Not as “yet another AI test generator.” And not as a tool meant to replace a QA engineer. Rather as an autonomous assistant that takes on the most repetitive part of the path: explore the application, understand the stack, generate a check, run it, analyze the result, and not stop at the first green checkmark.

I wanted to build a system that works closer to how a QA engineer actually thinks. When we test a feature we don’t just write the first scenario and stop. We form a hypothesis, test it, get new facts, refine the scenario, add negative cases, look at stability, think about regression.

Cairn should move the same way: from uncertainty to proof.

The name fits the idea too. A cairn is a stone marker on a route. It isn’t the road itself, but it helps you not get lost. For me that image describes a QA agent’s job well: leave behind markers in the form of checks, logs, tests, decisions, and conclusions.

Core principle: don’t trust the first answer

If I describe Cairn’s philosophy briefly: don’t trust the model’s first answer without verification.

AI can suggest a good test. But that test needs to be executed. If it fails — understand why. If it passes — understand whether it’s a false positive. If it covers the happy path — think about edge cases. If it uses an unstable selector — improve it. If it depends on data — isolate state.

Here eval isn’t a separate stage at the end but part of the process itself. Each iteration should bring the system closer to the truth: what works, what doesn’t, what’s verified, what only looks verified.

That’s why Cairn shouldn’t be just a wrapper around an LLM. It needs architecture that supports cycles, going back, error analysis, observability, and evaluating test quality itself.

Why this matters for teams

In teams already using AI for development, the speed of creating code grows. But with that grows the need for a faster feedback loop. If AI helps write features faster, the QA process can’t stay as slow and manual as before.

But the answer isn’t to simply generate more tests. Quality doesn’t grow from a large number of weak tests. On the contrary you get flaky suites, long runs, noise in CI, and a false sense of security.

You need an approach that helps create checks with engineering value. That’s why Cairn for me isn’t about “AI instead of QA” but “AI as part of a verification system.”

It should help the team move faster from idea to implementation without skipping the most important step — proof that the implementation works.

Conclusion

After experimenting with different AI tools it became clear: the biggest problem isn’t generation but verification.
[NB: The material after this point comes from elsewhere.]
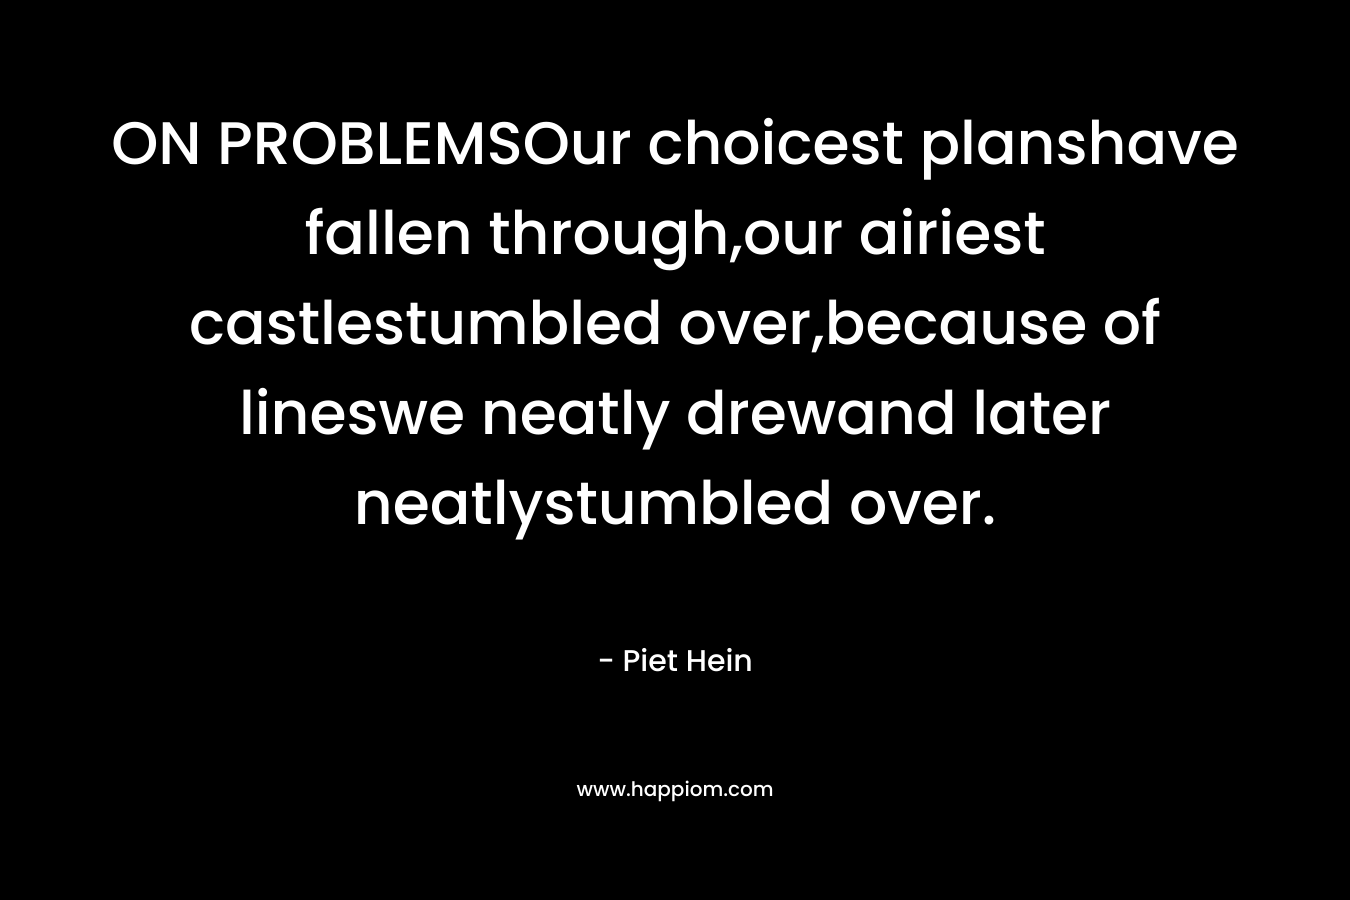 ON PROBLEMSOur choicest planshave fallen through,our airiest castlestumbled over,because of lineswe neatly drewand later neatlystumbled over. – Piet Hein
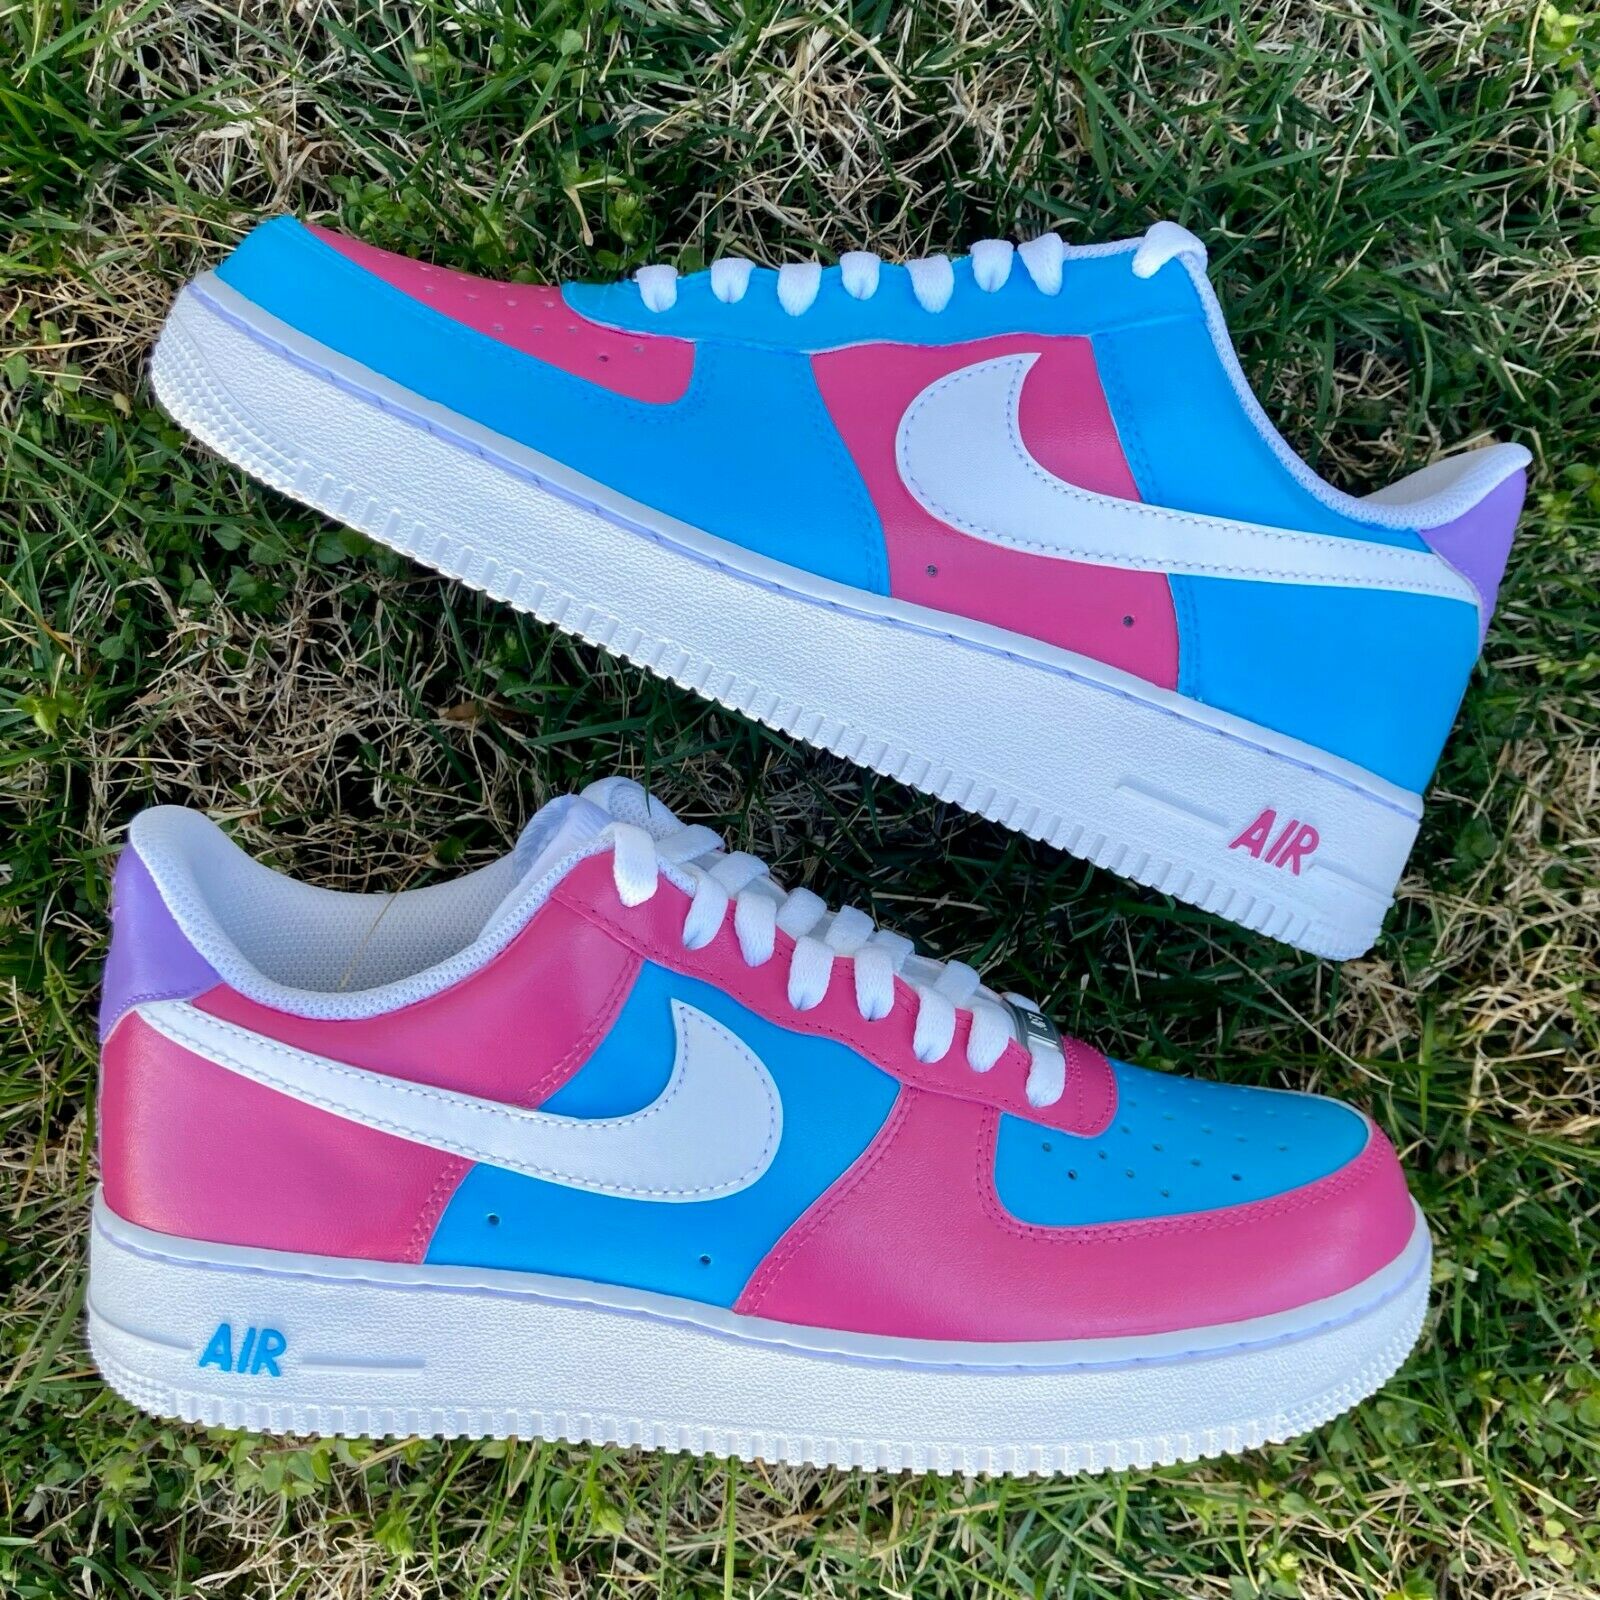 Air Force 1 Custom Cotton Candy Low Inverted Shoes Pink Blue Womens Kids 7.5 Mens (9 Women's)

AI is already good enough at creating a first version of a solution. But engineering value appears only when that solution passes verification.

The previous idea of eval as a mechanism of truth became the practical foundation here. If we want to build reliable AI-assisted workflows, we need not only models that write code but systems that can verify that code.

Cairn is my attempt to move in that direction. Not to make another loud AI tool, but to build an autonomous QA cycle that helps distinguish “looks ready” from “actually works.”